EXERCISE DIRECTIONS: Output the listing exactly as written, apart from its pictures.

COLLECTED MATERIAL:
BEGIN

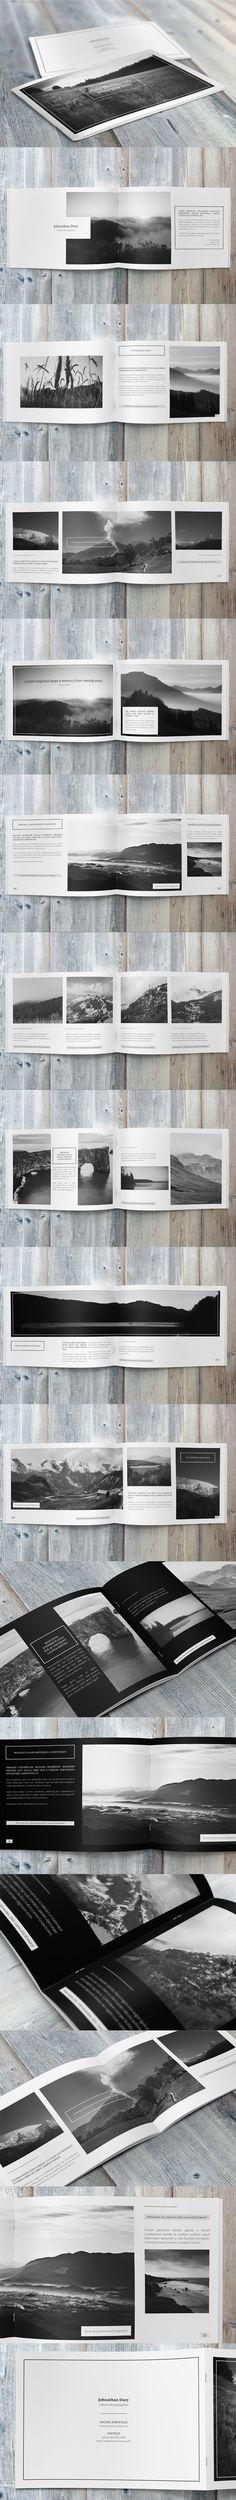 Minimalfolio Photography Portfolio A4 Brochure on Behance
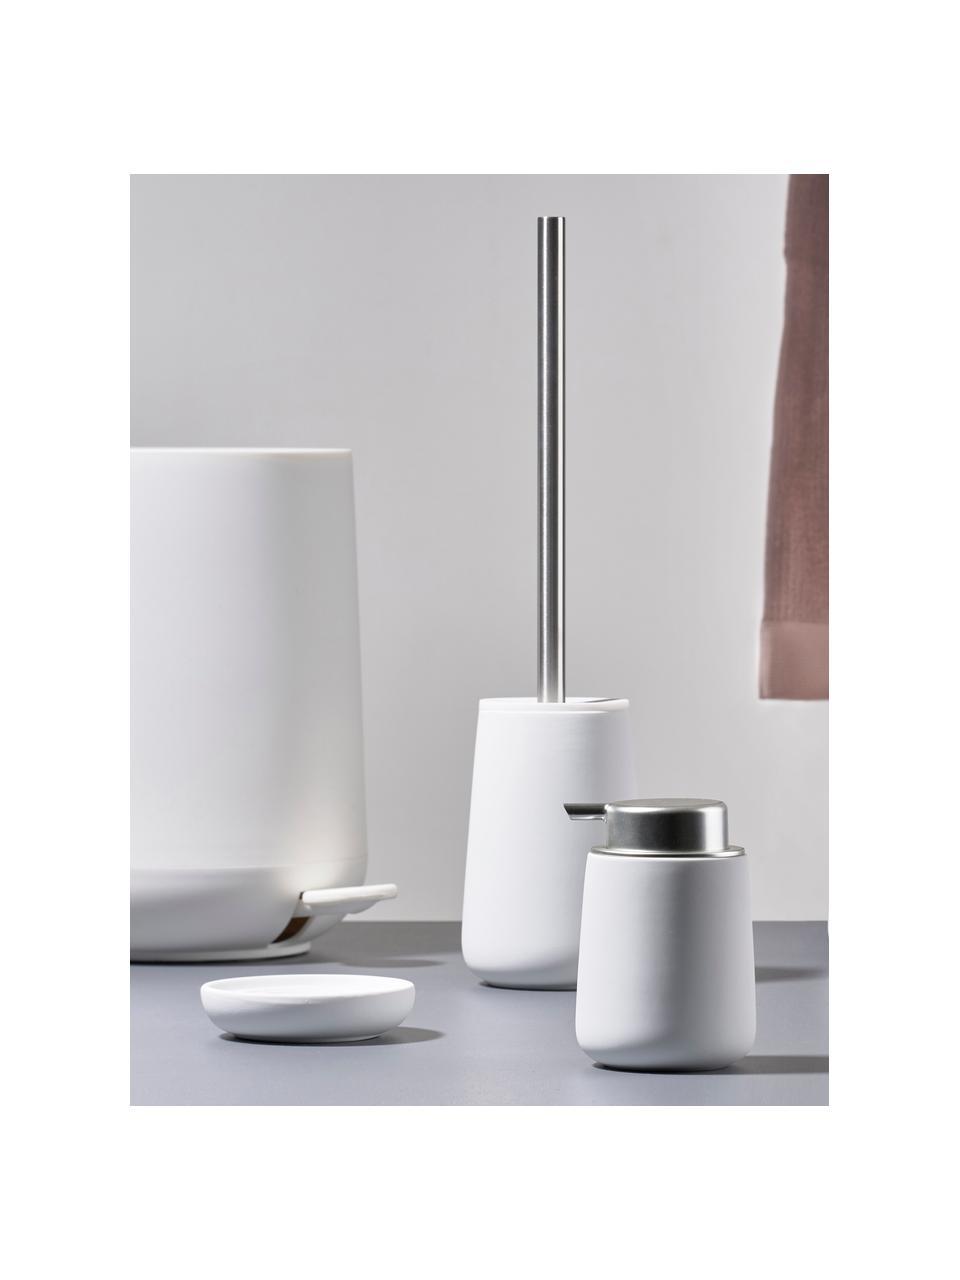 Porzellan-Seifenschale Nova One, Porzellan, Weiß, Ø 11 x H 3 cm
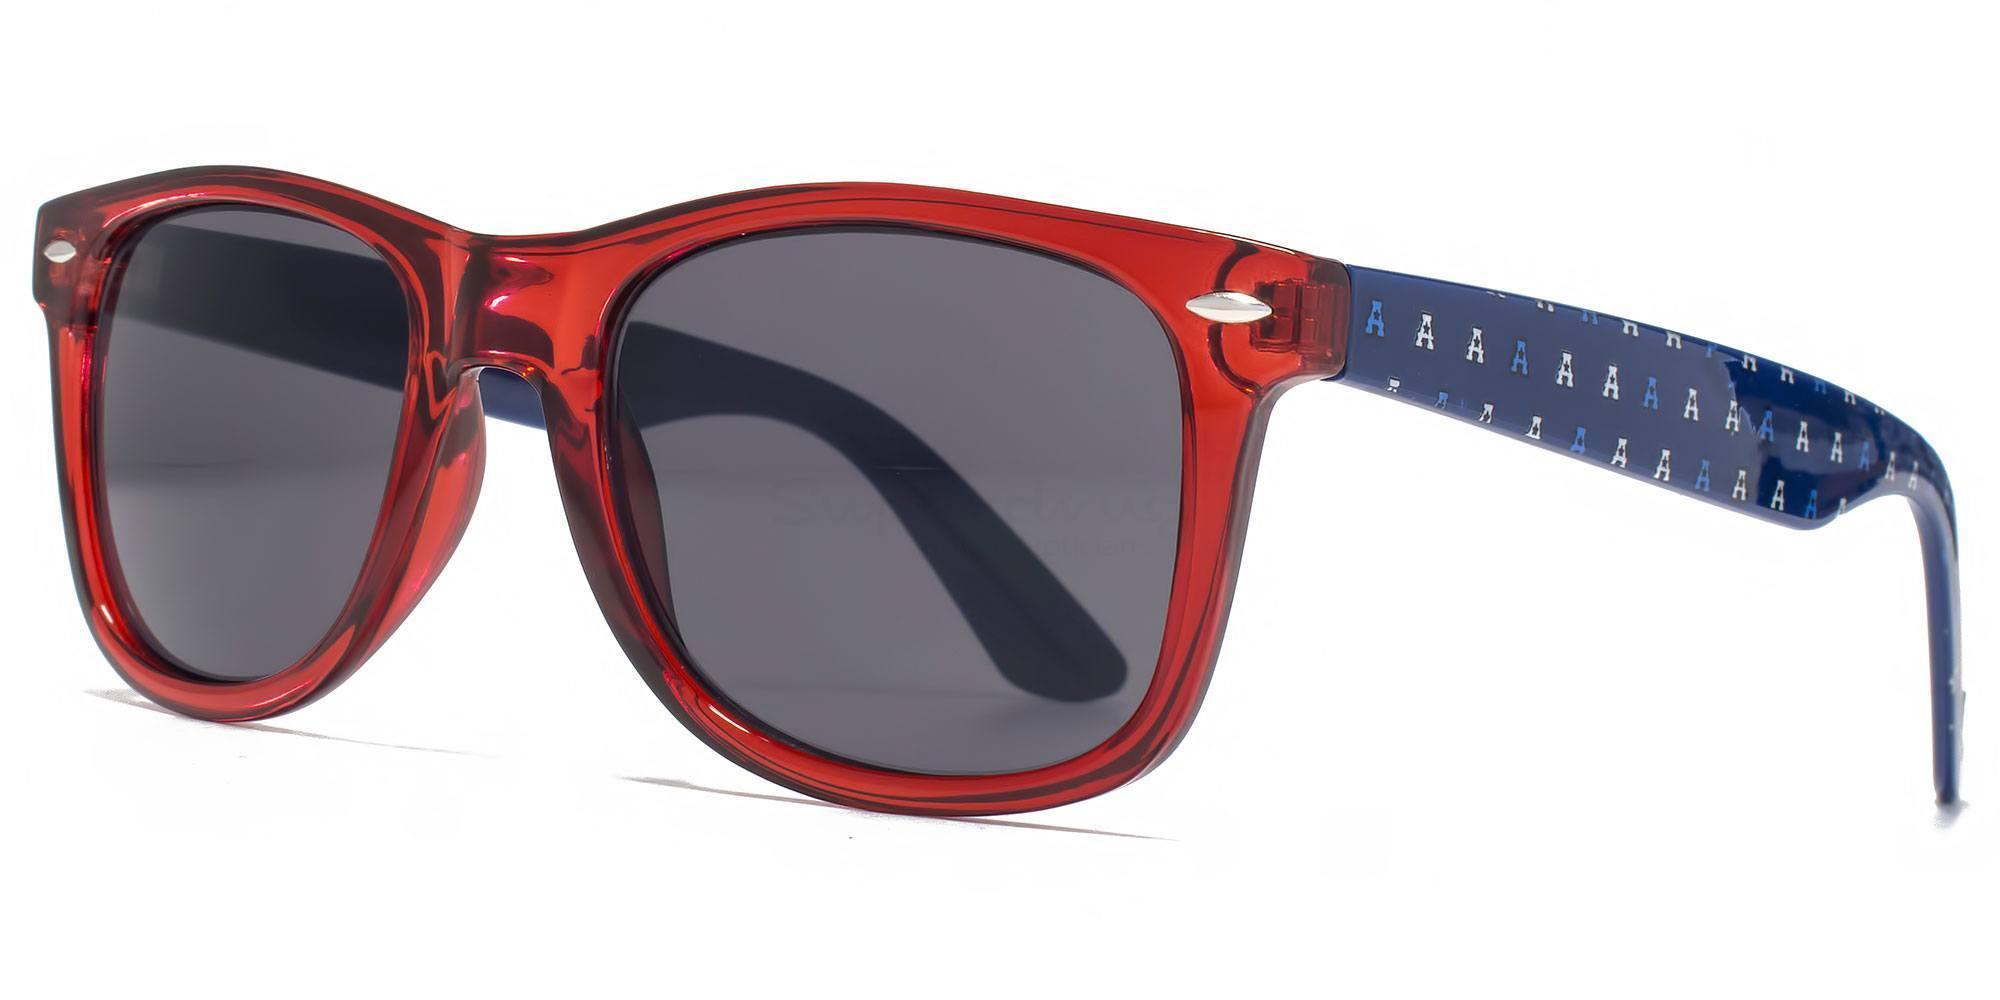 AFS002 BLAKE Sunglasses, American Freshman

END

ANSWER TO THE PROBLEM:
 Minimalfolio Photography Portfolio A4 Brochure on Behance
 Porzellan-Seifenschale Nova One, Porzellan, Weiß, Ø 11 x H 3 cm
 AFS002 BLAKE Sunglasses, American Freshman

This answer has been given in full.